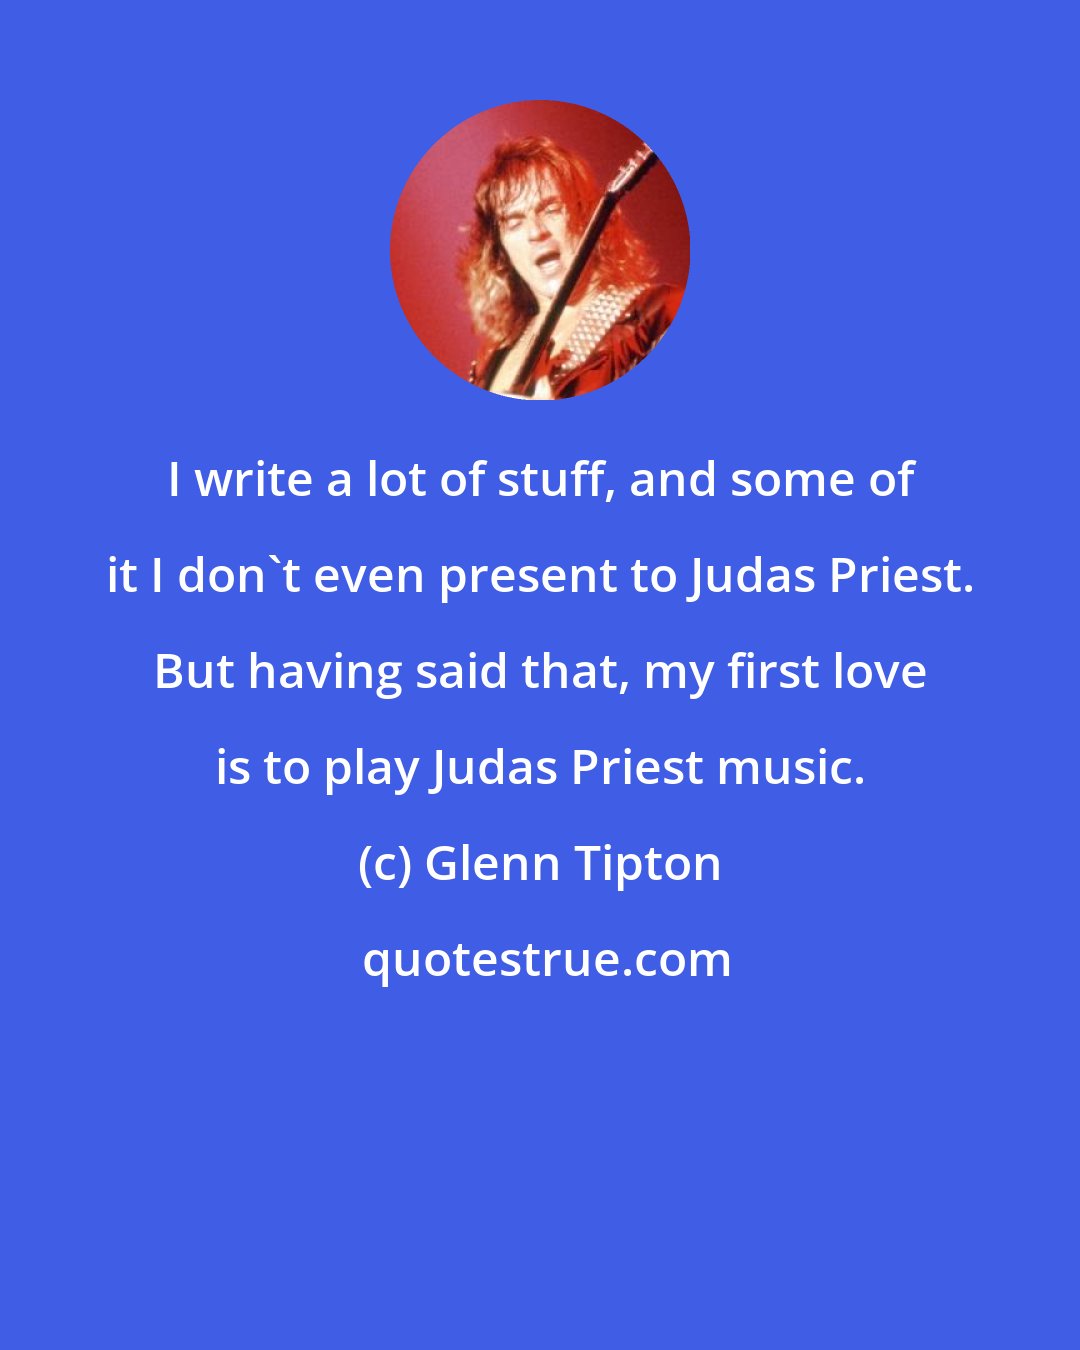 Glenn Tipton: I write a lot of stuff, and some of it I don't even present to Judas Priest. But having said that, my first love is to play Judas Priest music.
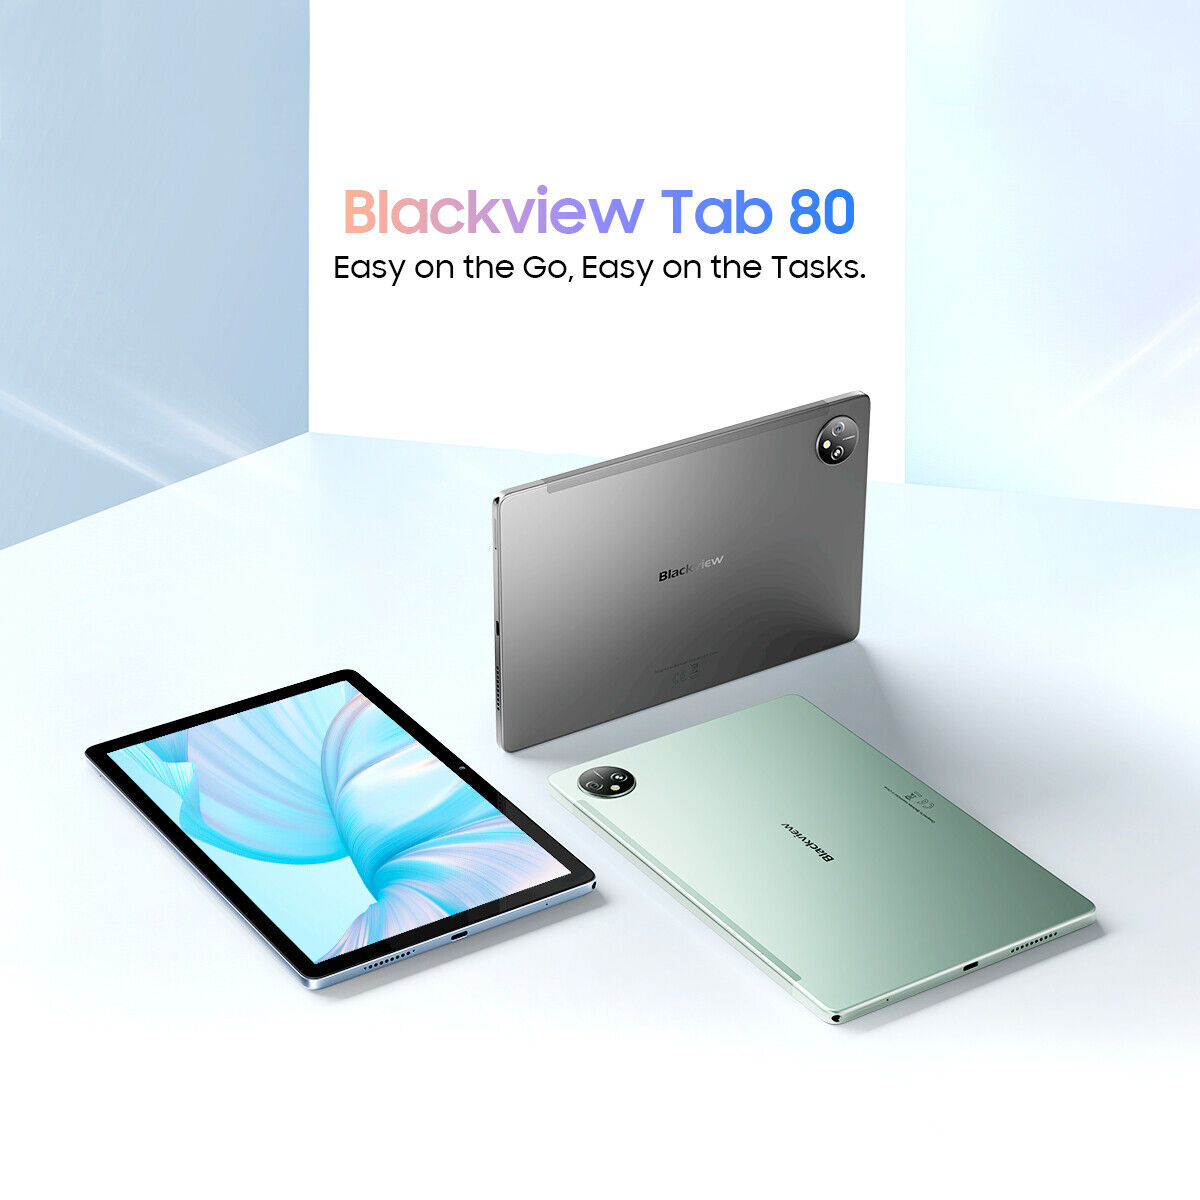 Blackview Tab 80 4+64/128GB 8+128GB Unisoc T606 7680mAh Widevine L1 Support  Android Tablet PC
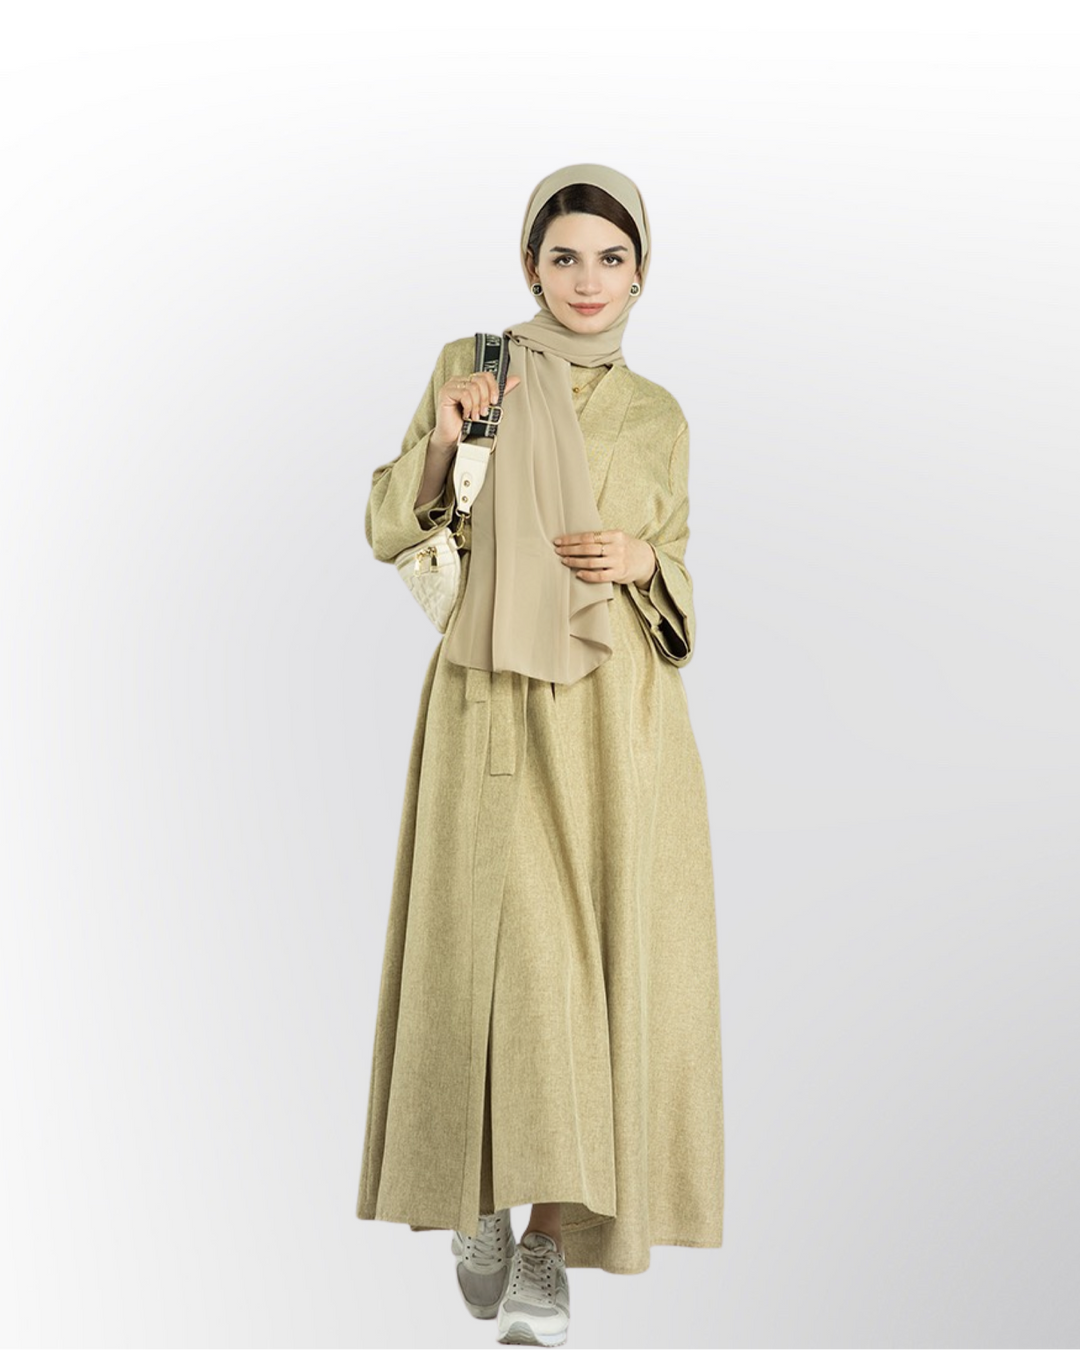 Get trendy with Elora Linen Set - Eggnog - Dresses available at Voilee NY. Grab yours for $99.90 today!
━━━━━━━━
Leave the pictures out and output the rest of the listing exactly.

* ANSWER SPACE *
 Glenn Tipton: I write a lot of stuff, and some of it I don't even present to Judas Priest. But having said that, my first love is to play Judas Priest music.
 Blackview Tab 80 4+64/128GB 8+128GB Unisoc T606 7680mAh Widevine L1 Support  Android Tablet PC
 Get trendy with Elora Linen Set - Eggnog - Dresses available at Voilee NY. Grab yours for $99.90 today!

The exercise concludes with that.